Welcome to RCR Foundations, a collection of concise, practical guides designed to bring learners up to speed on the tools and techniques required for modern robotics and engineering courses. Each guide is a self‑contained Markdown file and may be reused across multiple courses as pre‑work or reference material. This repository is intentionally modular so that you can dive directly into the topics you need without wading through a single monolithic document.
| Area | Description |
|---|---|
| UNIX | Become productive at the command line. Covers terminal basics, navigation, text editors, permissions, and shell scripting. |
| Git | Learn version control from the ground up: why Git matters, how to set it up, commit, branch and merge, work with remotes and GitHub, and use GitHub CLI. |
| Raspberry Pi 5 + Ubuntu 24 | Flash Ubuntu 24 onto a Raspberry Pi 5, complete first‑boot setup, manage packages, configure remote development with VS Code, build servers, and troubleshoot common issues. |
| Microcontrollers | Install Arduino CLI, add Teensy board support, compile sketches, and upload firmware using the Teensy loader CLI. |
| Docker | Set up Docker Engine on Ubuntu 24 ARM64 (Pi 5) using the official apt repository and learn basic container usage. |
| Data Labeling | Learn data annotation fundamentals and set up Label Studio on your Raspberry Pi for creating high-quality labeled datasets for machine learning projects. |
| Imaging & Flashing | Flash disk images onto Raspberry Pi microSD cards using Raspberry Pi Imager or dd, and flash firmware onto Teensy microcontrollers. |
| Windows Tools | Use PuTTY as an SSH terminal on Windows; learn copy/paste semantics and how to manage sessions. |
| Development Tools | Install and configure GitHub CLI on Linux, macOS and Windows; set up the Cursor AI code editor on personal machines (Mac/Windows). |
These guides were written for adult learners and professionals who may be new to the tools but bring curiosity and motivation. The material starts at the beginner level and scales up to intermediate usage. While developed for the RCR (Rose City Robotics) curriculum, the guides are intentionally generic so they can serve any robotics, control or embedded systems course.
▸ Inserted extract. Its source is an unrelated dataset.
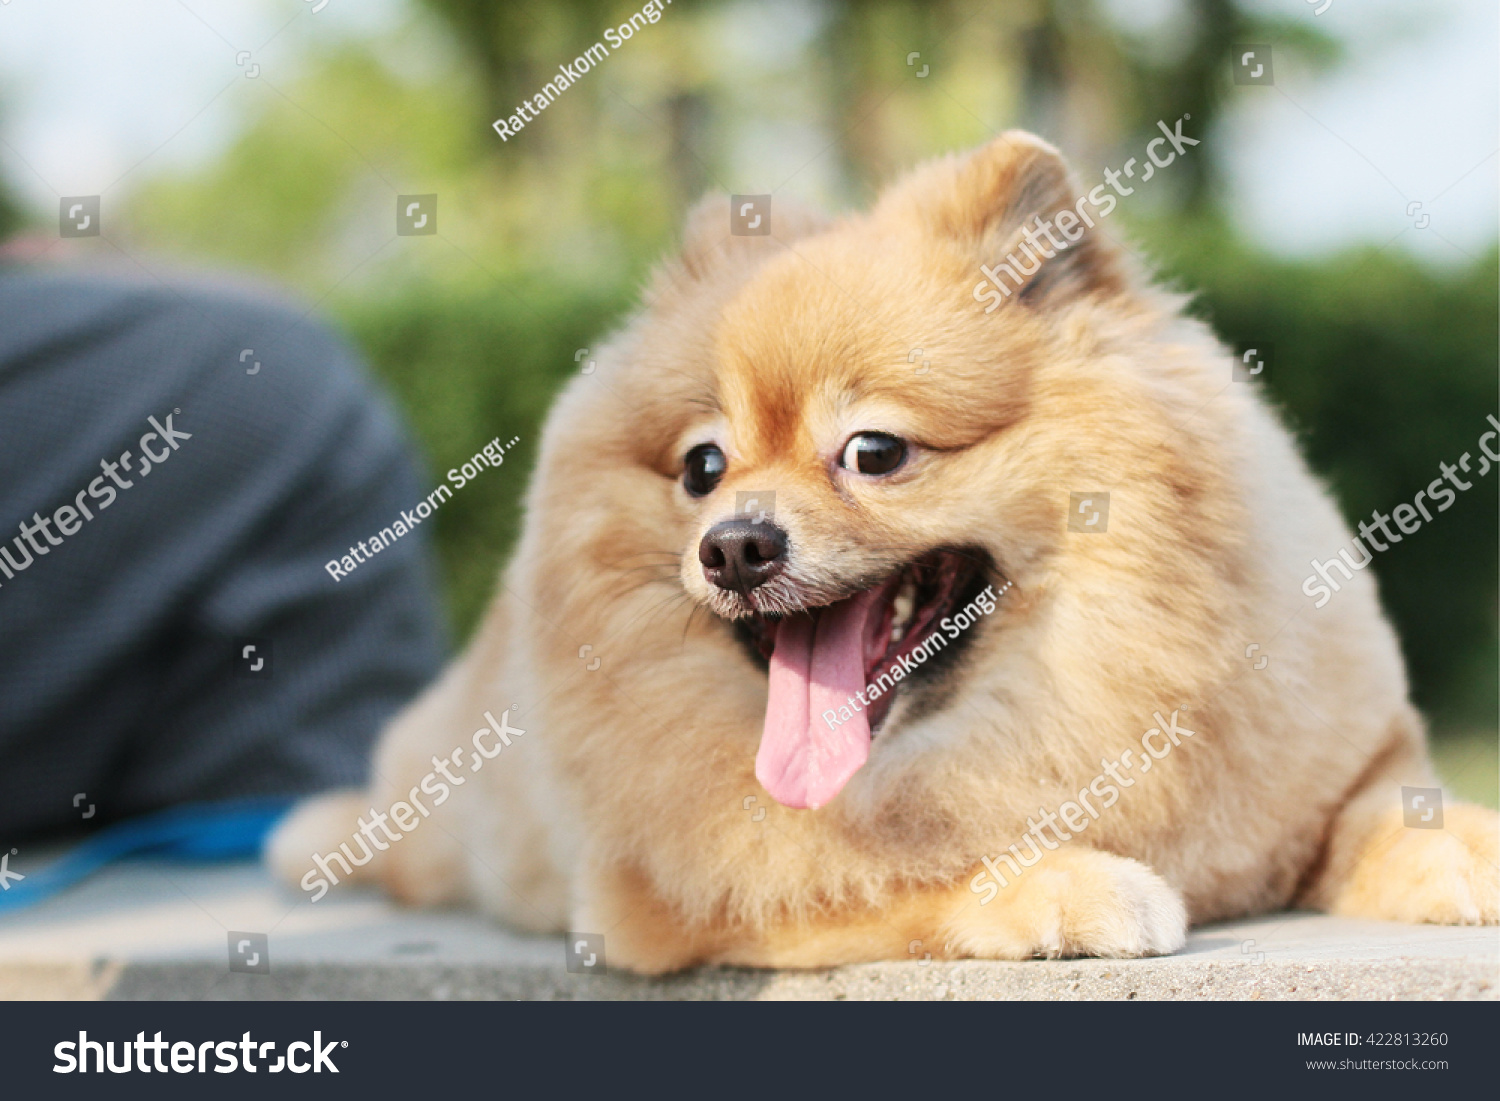 Pomeranian Puppy Dog Grooming Short Hair Stock Photo Edit Now 422813260

- Choose your topic. Navigate to the appropriate folder listed above. Each folder’s
README.mdexplains the purpose of the sub‑documents and suggests an order to read them. - Follow the numbered guides. Files are numbered to indicate a learning progression. Work through them sequentially or jump straight to the section you need.
- Keep the resources handy. Each topic folder includes a
resources.mdfile with links to authoritative external references, tutorials and videos, many of which informed these guides. - Look at the wiki. If you mirror these files into a GitHub wiki, you can provide top‑level navigation for students on GitHub. See
wiki-instructions.mdfor details on publishing a wiki from this repository.
Most of the microcontroller development and robotics code will run on your Raspberry Pi 5 running Ubuntu 24. This includes the Arduino CLI, Teensy board support, Docker, Label Studio, and server software. Tools such as GitHub CLI and the Cursor AI editor should be installed on your own laptop or desktop (macOS or Windows). When a guide requires installation on a personal machine versus on the Raspberry Pi, it calls this out explicitly.
Contributions are welcome! Please open an issue to discuss your proposed change, then submit a pull request. Keep lessons short, practical and beginner‑friendly. Use US English, sentence‑case headings, and fenced code blocks with language hints.
All content in this repository is licensed under the Creative Commons Attribution 4.0 International (CC BY 4.0). You are free to share and adapt the material so long as you provide appropriate credit.